Eu chorava, chorava, chorava...Ele via me via chorar e ia dormir. Não entendia o porquê das acusações e sempre perdoava porque ele vinha todo humilde se desculpar depois, dizia que estava aprendendo a se relacionar, que ia se esforçar, que ia mudar, me levava pra jantar, me dava presentes... a velha história de sempre. Aí eu enxugava as lágrimas e continuava sempre acreditando.

Paralelo a isso, ele se recusava a sair comigo na maioria das vezes e quando saía, era cara feia e voltar correndo. Dizia que eu podia sair sozinha. Mas eu não queria sair sozinha, eu queria sair com ele (estávamos juntos, não?!!). Eu questionava, não entendia aquilo. Ele sempre se justificava dizendo que não tinha vontade de sair... ou que não gostava dos meus amigos.

Eu estava em uma gaiola. Casada e sozinha. Compartilhar essas informações não ajudava muito, já que vinham sempre acompanhadas de muito julgamento e pouca ajuda efetiva.

Ele implicava com meu tom de voz, dizia pra eu falar baixo. Porque eu “falava alto igual minha mãe”. Ah sim, também não podia rir alto, porque eu era muito escandalosa. Eu rio alto e esquisito e às vezes me sentia mal, ele me dava bronca em qualquer lugar. Um dia também me disse “do nada”: “Quando você ficar velha vai ter que tomar hormônio, não vou ficar sem sexo”.

Nunca me apoiou no meu trabalho, fosse qual fosse. Como fotógrafa, nunca ele se aproximou para ver algum trabalho meu, um elogio, nada. No começo eu o chamava para ver uma sessão de fotos que eu tinha feito, mas ele dizia que não se interessava por fotos, que não ia ver nada.

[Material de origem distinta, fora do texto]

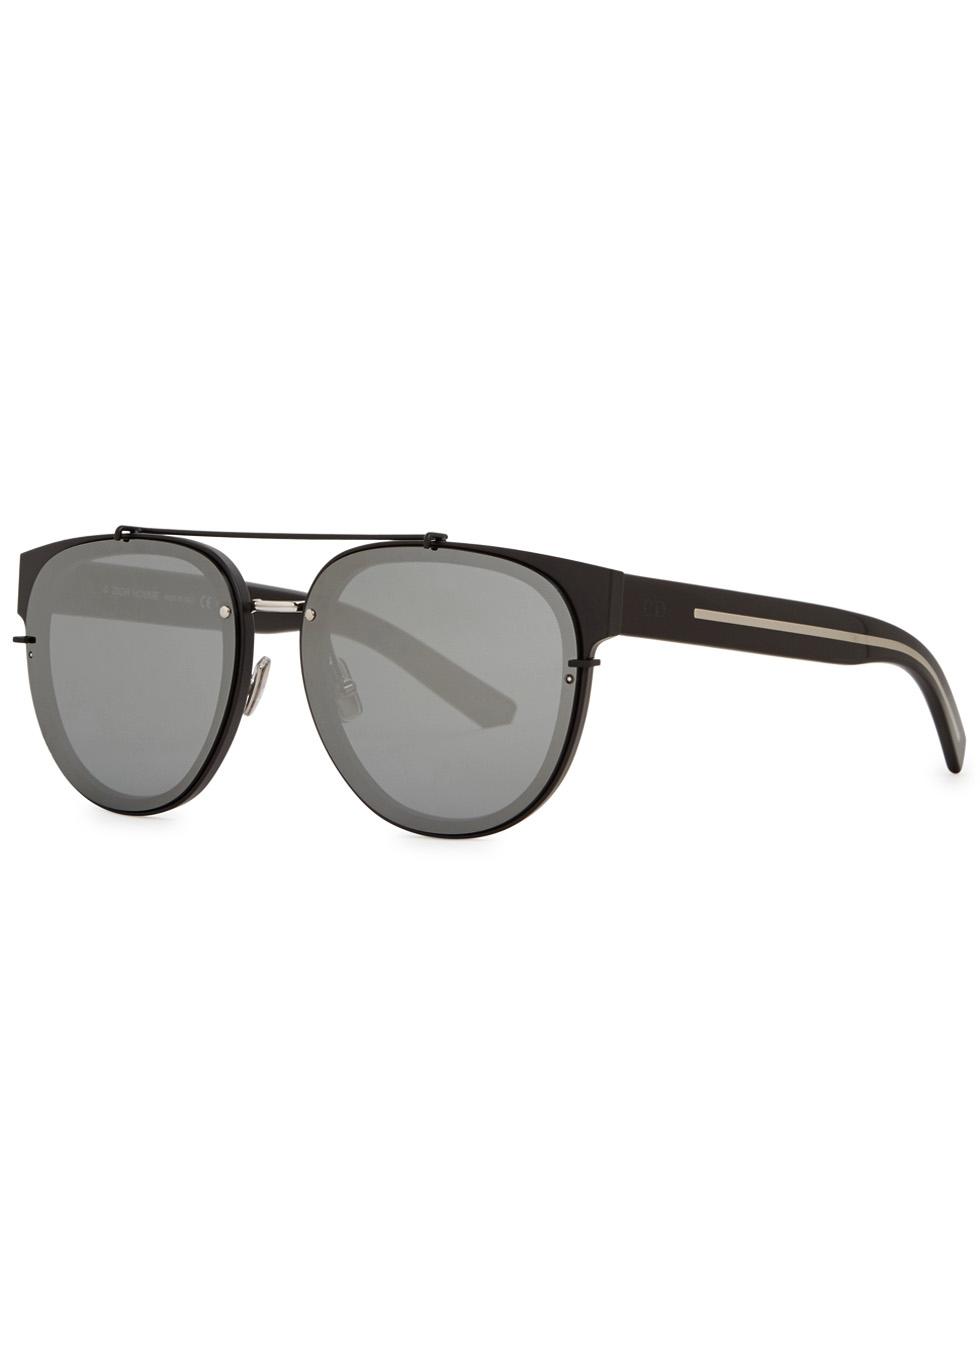 Black Tie 143S matte black aviator-style sunglasses - Dior Homme

Não aprovava que eu trabalhasse de forma autônoma, ele dizia ”tenho medo que você fique igual ao seu pai”.

Hoje ele trabalha como autônomo. O pai dele também.

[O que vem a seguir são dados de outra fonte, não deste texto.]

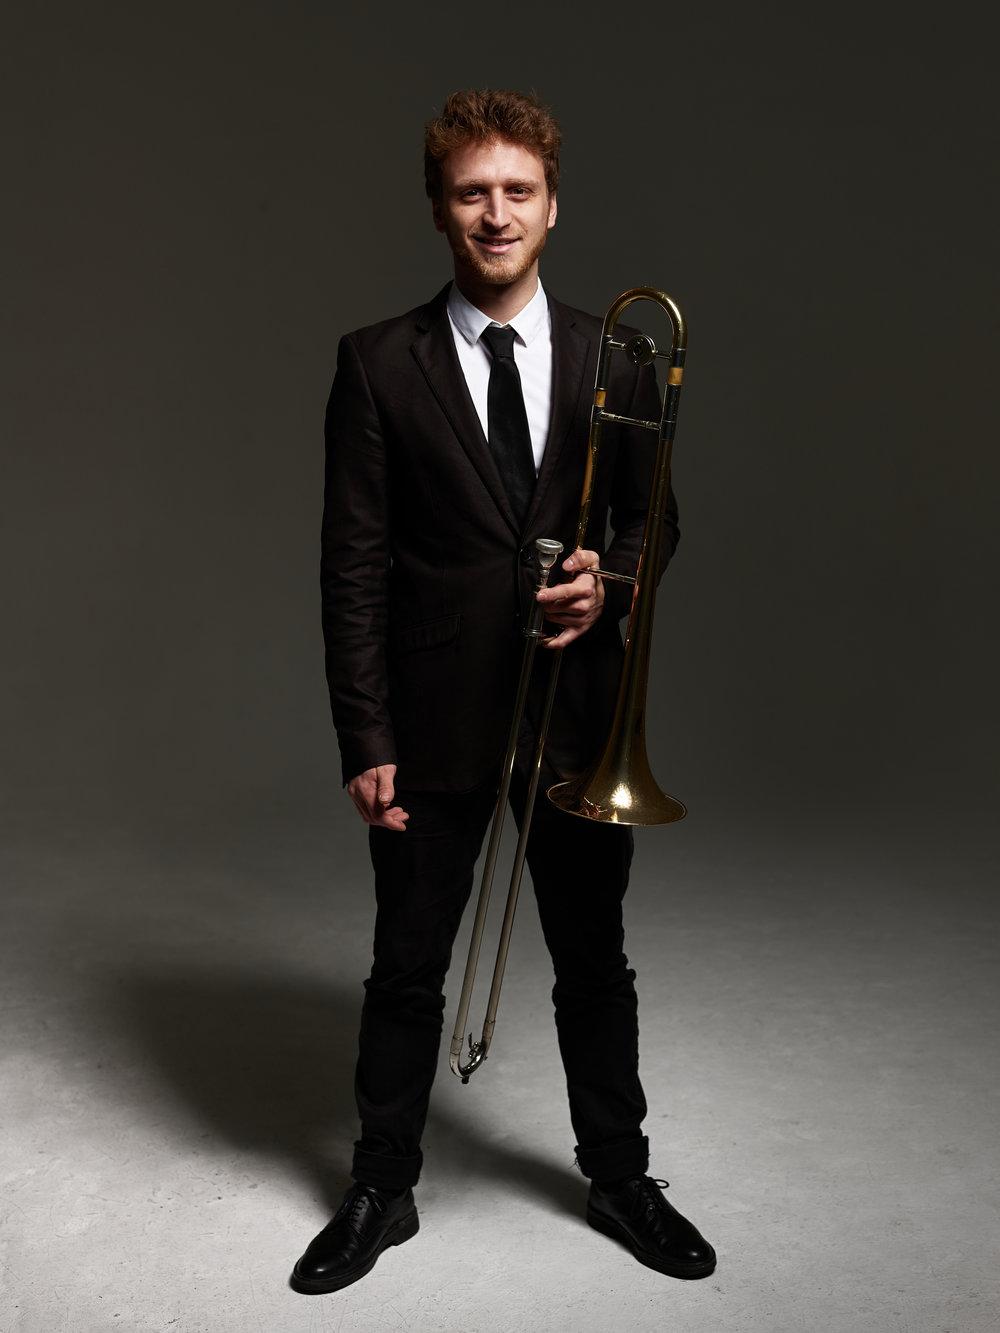 Nathan - Trombone

Sempre me colocava pra baixo, nada que eu fazia era certo, só o trabalho dele tinha valor, só ele era inteligente e esperto o bastante.

Ele não tinha amigos (ou dizia que não tinha). Criticava os meus. O lance dele era me fazer sentir menos, em qualquer departamento. E eu me sentia. Sentia que nunca era boa o bastante pra nada.

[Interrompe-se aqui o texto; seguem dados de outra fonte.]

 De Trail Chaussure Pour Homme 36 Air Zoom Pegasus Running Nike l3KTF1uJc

Nos separamos e reatamos várias vezes por muitos anos. Em uma das vezes eu já estava namorando outro homem, e me separei pra voltar com ele, por uma chantagem emocional pesada; Ele sempre voltava se justificando e eu acreditava. Eu estava totalmente sem amor próprio, mas não percebia, achava que precisava dele pra viver. Fui perdendo o respeito por mim mesma sem perceber.

Em uma das últimas vezes que reatamos, ele propôs uma lua de mel para zerar as coisas. Além do que, eu havia sofrido um aborto espontâneo e estava muito triste. Eu achei linda a ideia da lua de mel, acreditei e embarquei de cabeça. (De novo). Fomos a Maceió, em um passeio organizado (muito mal) por ele. Mas eu estava feliz em recomeçar. Muitas novas promessas que comprometeriam parte de um futuro meu e do meu filho.

E em meio àquelas praias de cartão postal, lindas e cristalinas, ele não saía do celular. Eu estava mais uma vez sozinha. Ele não estava ali comigo. E pela primeira vez em 16 anos juntos, eu resolvi olhar o seu celular. E peguei. Ele tinha outra. Amiga do colegial, há anos. Então tudo ficou claro, tão claro que quase me cegou de luz, entendi tudo. Óbvio que ele se justificou, colocou a culpa nela. Ela que ficava atrás dele. Coitado. Mas eu li a conversa, não tinha álibi. Em uma das frases, ele escreveu para ela: “Faltou você aqui comigo... mas você não quis”. Aquilo foi surreal pra mim, não tenho como definir em palavras o que eu senti. Dor infernal.

Nos separamos. Mas eu ainda precisava do golpe de misericórdia, eu ainda não o enxergava totalmente pela minha falta de autoestima. Tive uma recaída. Saímos pra conversar, como se nada tivesse acontecido. Enquanto conversávamos ele me chamou pra viajar com ele em um mochilão de 40 dias. Eu aceitei. Bebemos e fomos para a casa dele.

No dia seguinte ele estava completamente diferente. Veio com uma conversa que estava se sentindo culpado, pois estava namorando (OI??!!). Ou seja, traiu a namorada atual com a ex mulher. Que original. E que na viagem (agora ele iria sozinho) ia pensar com quem ficaria (se comigo ou a namorada)..HAHAHAHAHAHAHHAHA...Não, meu querido! Falei que eu não estava disputando nada com ninguém, muito menos macho e muito menos ex marido. Me usou, não me contou que estava namorando. Me usou porque achava que estava brocha.

Sim, demorou anos pra eu acordar. Eu não era assim, era muito segura, alto astral, me amava. Fui me perdendo aos poucos, não sei dizer o porquê. Passei a acreditar que ele era minha única saída pra tudo. Mesmo sofrendo, achava que era normal. Não é, miga! Houveram outros fatos bem pesados que nem vou citar aqui, esses bastam para exemplificar.

A gente tem mania de sofrer calada. A gente tem medo, vergonha de falar. E vai se definhando, vai se perdendo, vai perdendo a própria identidade. Isso é muito grave!

Este é um assunto muito complexo e amplo. Mas estamos acordando e aprendendo a cada dia, eu estou.

Hoje, me desconstruindo e reconstruindo minha identidade, não tenho mais medo de me posicionar e dizer o que quero e que não quero. Desconstruindo tudo que aprendi (é dolorido sim). Estar sem par não é o que “vendem” pra gente, para aceitarmos qualquer porcaria.

Achamos que amor são dois que tem que se tornar um. Não, não tem! Porque somos seres individuais e não podemos garantir que a outra pessoa vá te cuidar e amar para sempre. Não somos metade de uma laranja. Nem laranja somos. Cada um, um ser completo e isso precisa ser respeitado. Não somos panelas com ou sem tampa, nem panelas somos. Se for para ter um companheiro, que seja realmente um companheiro.

Se você passa por situações parecidas ou sabe de alguma mulher que esteja passado, procure ajuda. Mas não de quem não entende. Procure Coletivos Feministas da sua cidade, orientação para se fortalecer, enfim, mulheres que saibam o que você está vivendo. Gente pra apontar o dedo não serve, aproveita e faça um limpa de gente tóxica da sua vida. Lembrando que amigos e familiares também podem ser tóxicos e abusivos, tá?

E quando a gente começa a reencontrar a própria identidade, menina do céu, vai descobrindo maravilhas que na verdade, sempre moraram em você.